Great Books: No Longer At Ease, by Chinua Achebe

This is the last of Chinua Achebe's works on the list. He is the first author with multiple works who I can now cross off as 'completed'. So it seems an appropriate moment to pause and evaluate.

Achebe is not just on one list - he's on a LOT of lists. Nine different 'great books' lists that go into the mega-list chose one or another of his works. Things Fall Apart is an impressive #2, second to Don Quixote, on the 100 most meaningful books of all time, compiled by surveying 100 well-known authors from around the world. Chinua Achebe isn't just a great author, he's an author's author. He's like Fred Astaire. He makes it look easy.

I never would have encountered his work if I hadn't started on this project. And I am so, so glad I discovered him. His work is lyrical and poignant. He conveys the native African voice in an authentic fashion, something rarely present in my GenWestEuropean cultural soup. I think Things Fall Apart was the best of his works that I read, but No Longer At Ease comes in a close second.

TFA told the slow downward curve of Okwanko, an important man among the Umuofia, at a time when the white man was just arriving. The demise of the traditional way of life provided an uneasy subtext for his downhill slide. No Longer At Ease tells the story of Okwanko's grandson in the 1950's, a 'modern', educated African who comes back from England determined to do things the right way. In trying to find a path between the traditional ways and his new modern sensibilities, he trips and falls. He hurts someone else, badly, and just as in Things Fall Apart, that proves an irredeemable sin. He has wounded himself. All his brave resolutions dribble out of him like water.

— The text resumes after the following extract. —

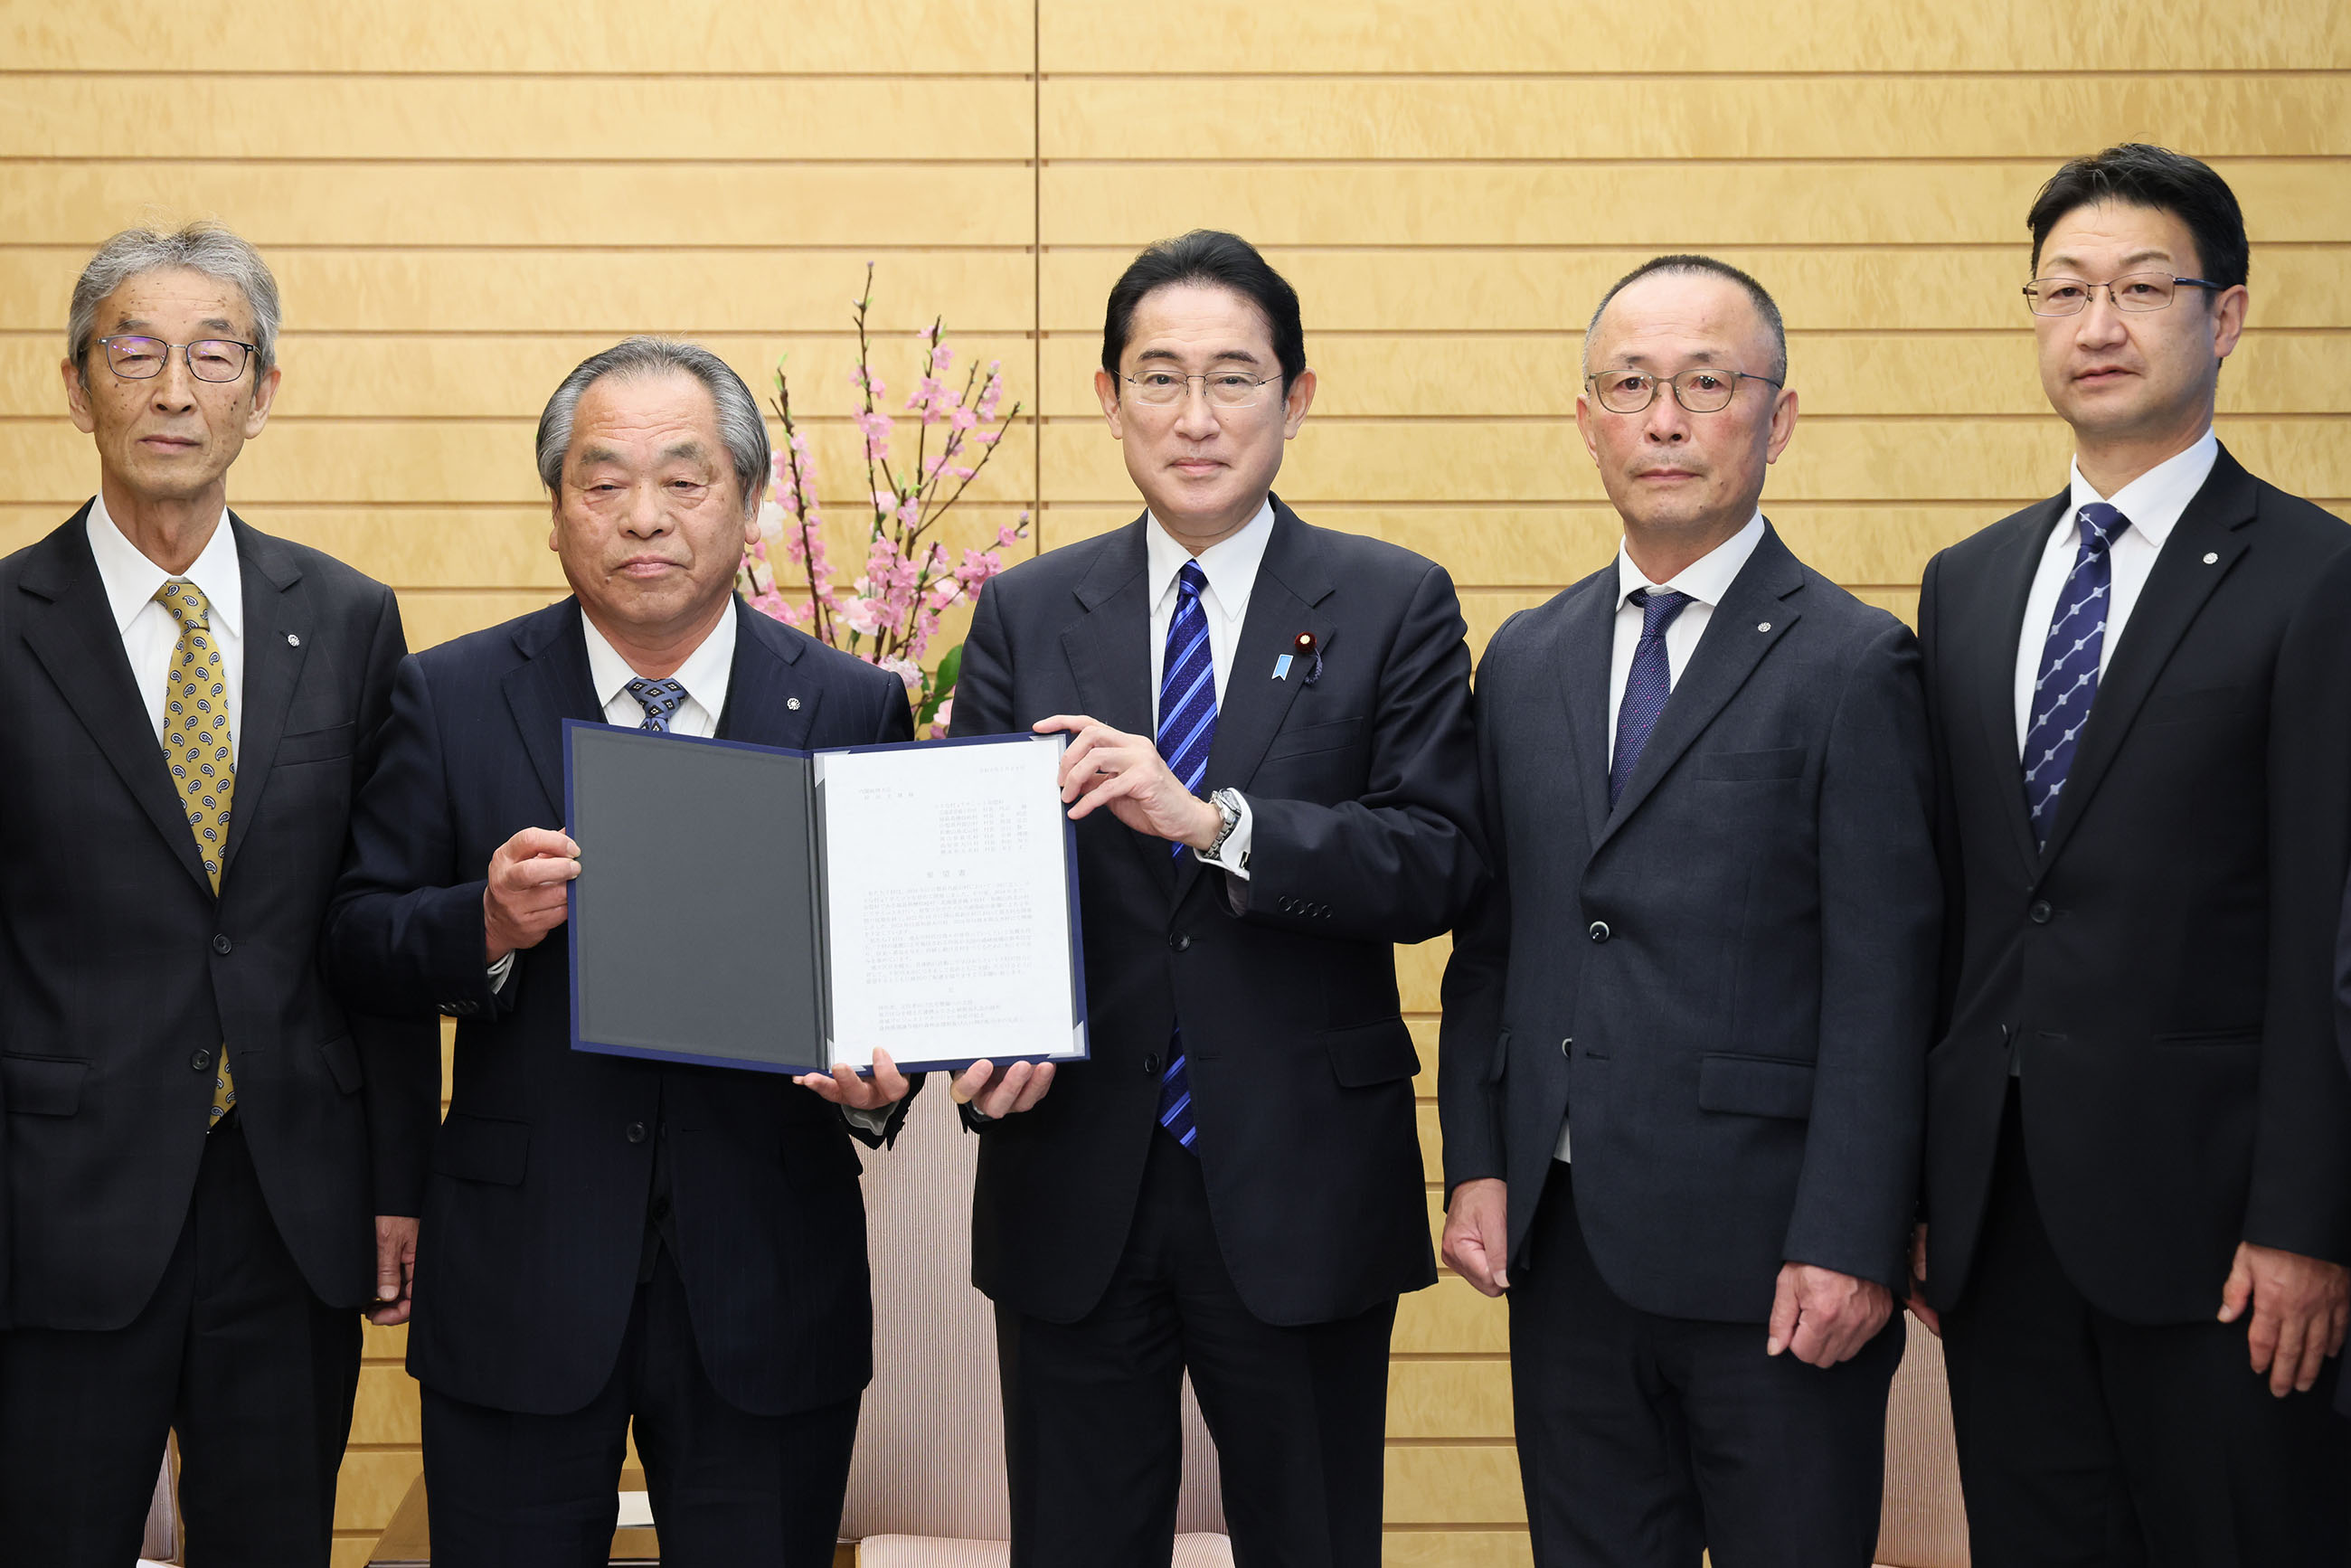 Prime Minister Kishida holding a meeting (2)

As the book begins, when we are introduced to Obi Okwanko, his fate is already sealed. He has been convicted of accepting a bribe and is being sentenced. There's no suspense here. It's a sad dissection of the way things have gone wrong, and a not subtle, but insightful, commentary on modern Africa.

Even if none of these rest of these books I'm reading were worth a damn, Chinua Achebe would have already made the project worthwhile. Thank you, sir.